Anyway, I changed the code to (a) not erase the background even once each frame, and (b) only erase a reasonably minimal area around the previously rendered “ball” and voila, massive framerate increase:
ctx.fillStyle = ‘rgb(255,255,255)’;
ctx.fillRect (lastball.x – 21, lastball.y – 21, 42, 42);
ctx.fillStyle = ‘rgb(0,0,0)’;
ctx.beginPath();
ctx.arc(x, y, 20, 0, Math.PI * 2, true);
lastball.x = x; // lastball is a global variable (eeew) = {x:0,y:0}
lastball.y = y;
ctx.fill();
ctx.fillStyle = ‘rgb(128,255,128)’;
ctx.fillRect (0, 500-32, 500, 32);

So, vaguely apples-to-apples comparison, at least without zooming, HTML5 — when animating circles and rectangles — actually slightly outperforms Flash (based on my 150% framerate increase from a trivial optimization).

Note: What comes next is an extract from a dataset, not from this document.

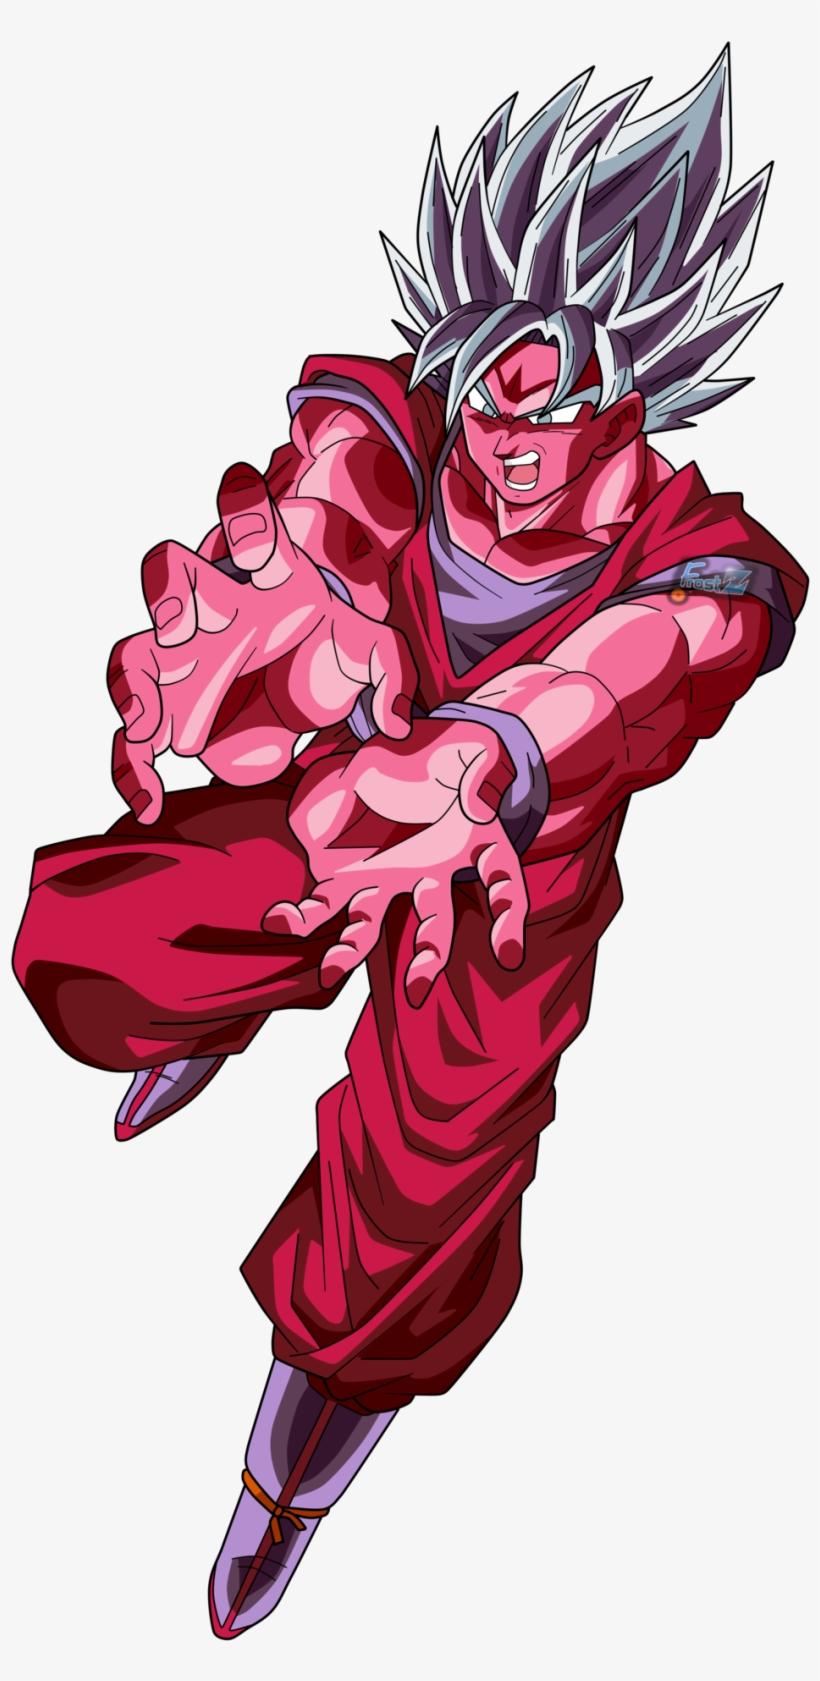 Goku Super Sayian Blue Kaioken Goku Ssj Blue Kaioken X10

It’s clear HTML5 is horribly unoptimized beyond this — e.g. zooming in* slows down the framerate significantly, even when the animation itself is offscreen (seriously, get an intern on that stat, because not drawing stuff which is off-screen is not a rocket science optimization).

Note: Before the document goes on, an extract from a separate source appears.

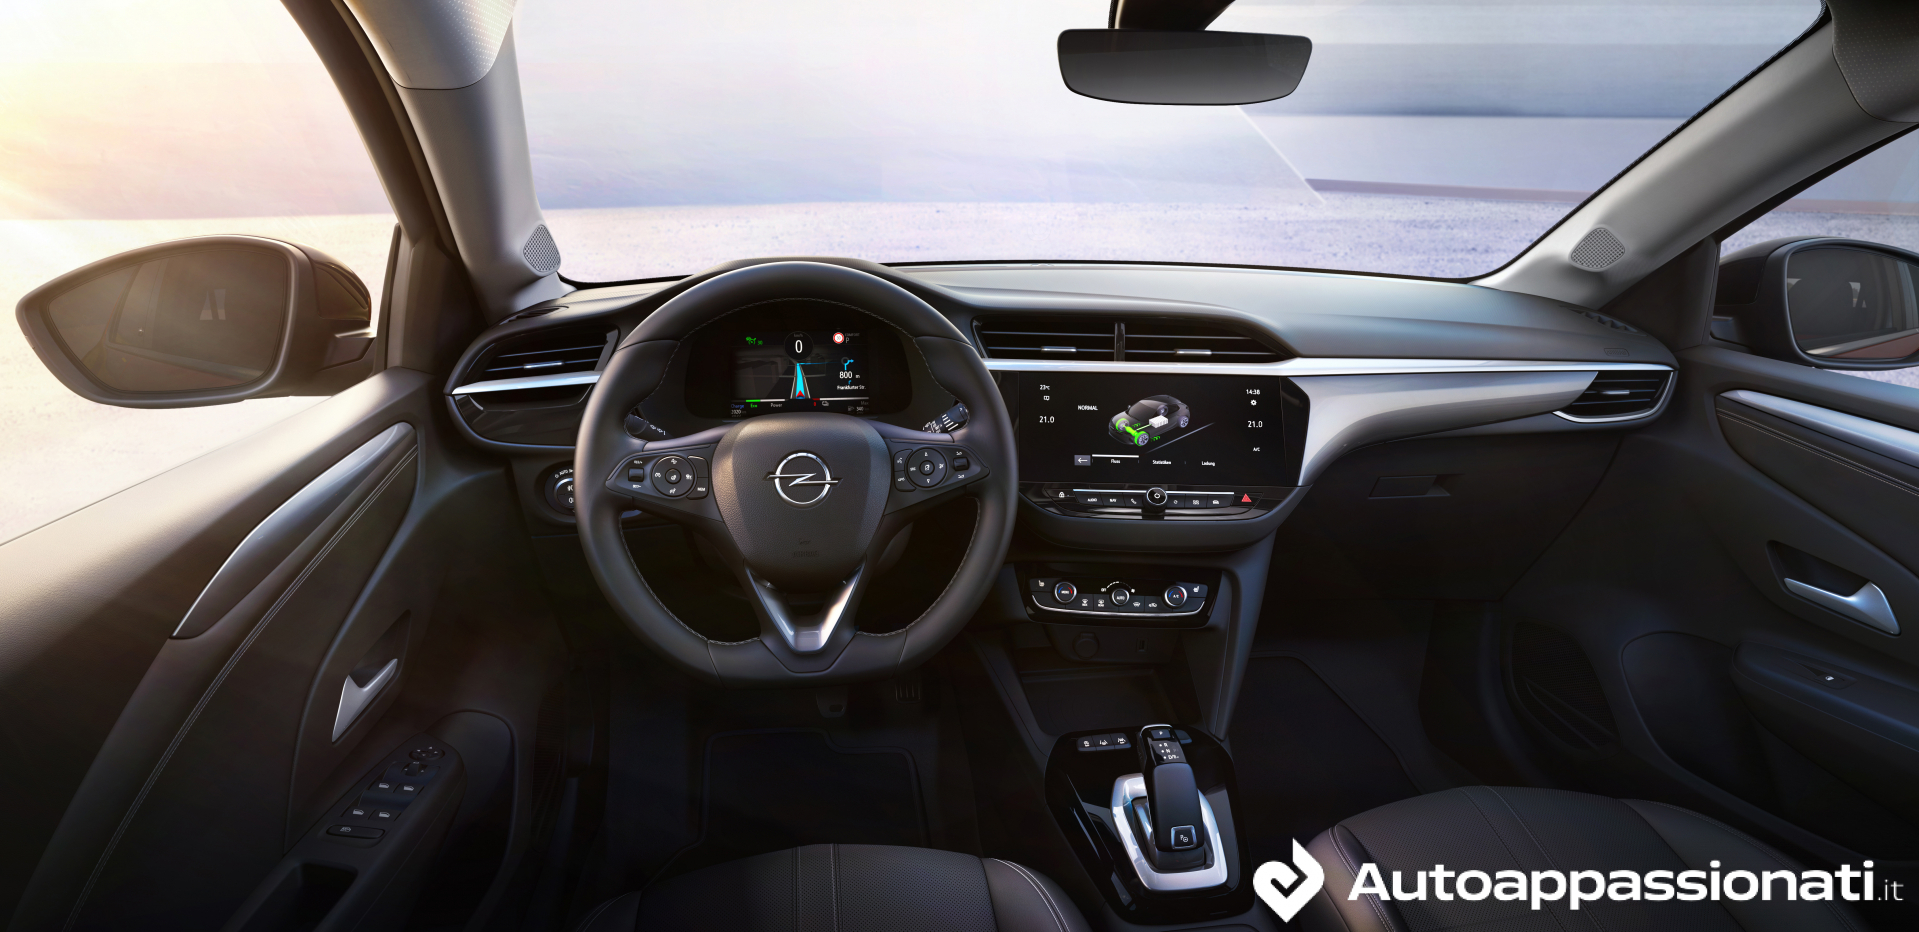 Opel Corsa-e 2019 interni display

Note: * on an iOS device. It seems to work just fine on the desktop.

As an aside: the way you’d optimize this properly in practice would be to clip all the rendering to an update region based on what’s moving around. (This would also optimize the redrawing of the static element.) If I were writing the backend of a tool that provided artists with the ability to create HTML5 animations, this is exactly how I would mechanically optimize the output at first pass. The way Flash optimizes (at least, iirc, by analyzing the vectors at “compile” time and optimizing deltas) is even more sophisticated and has an even greater upside. So the real question to my mind is, why does Flash perform so badly?

Further aside: I’ve put a slightly more tuned version here. It uses a simple and more efficient method for calculating fps, removes the fps cap (of ~60fps), and reduces the amount of the green rectangle redrawn every frame. Incidentally, one thing I am consistently seeing on my iPhone 4 is that the frame rate appears to be capped (battery conservation, perhaps?).

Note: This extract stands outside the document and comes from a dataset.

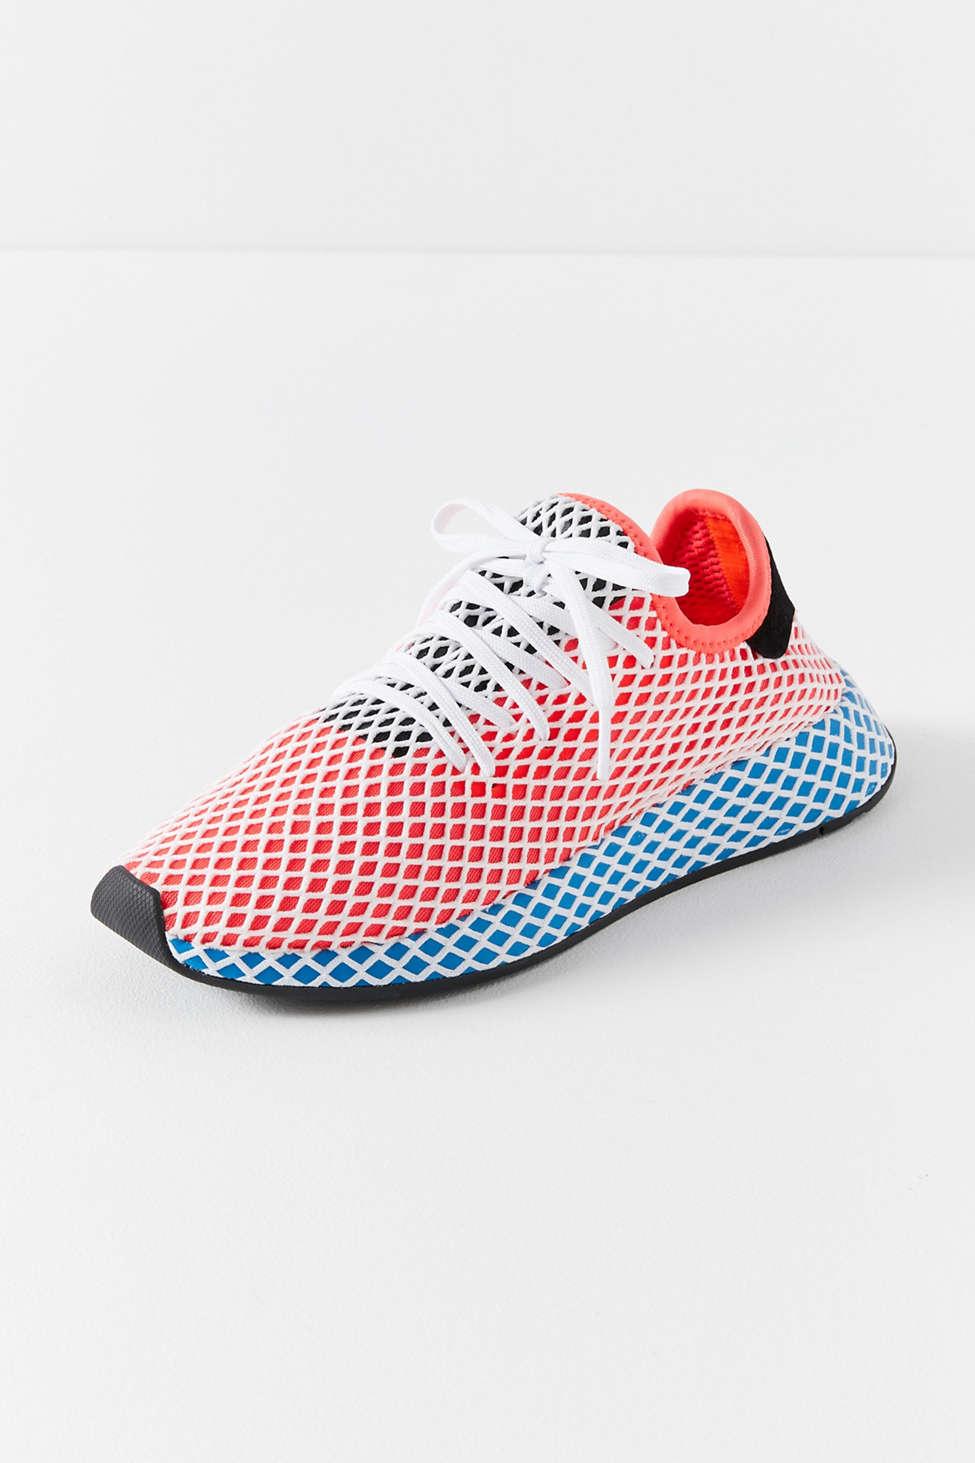 deerupt laufen adidas sneaker urban outfitters kanada

I can get well over 75fps zoomed in on the animation on my iPad, but the iPhone won’t get above around 20 fps. Similarly, both versions run around 100fps on my Macbook Pro, indicating that SetInterval (or something) seems to be capped in Safari.

Final Thoughts

You might make the argument that “well, this is hand-tuned HTML5 code vs. a simple, unoptimized Flash animation”. But aside from the fact that I haven’t really tuned this code (and, arguably, the original test oddly favored Flash by featuring a large rect with nothing going on in it), the optimizations I did are nowhere near as clever as the obvious optimizations a decent tool that outputs canvas drawing commands would do. And in fact they’re not nearly as clever as what Flash is already doing (which is kind of sad, really).

On top of this, the mobile Webkit HTML5 engine clearly has a huge amount of headroom in terms of optimization; Flash is a very mature product, and version 10.1 was brought to market specifically to address performance concerns; if it has a lot of “low hanging fruit” in terms of optimization, I’d be very surprised.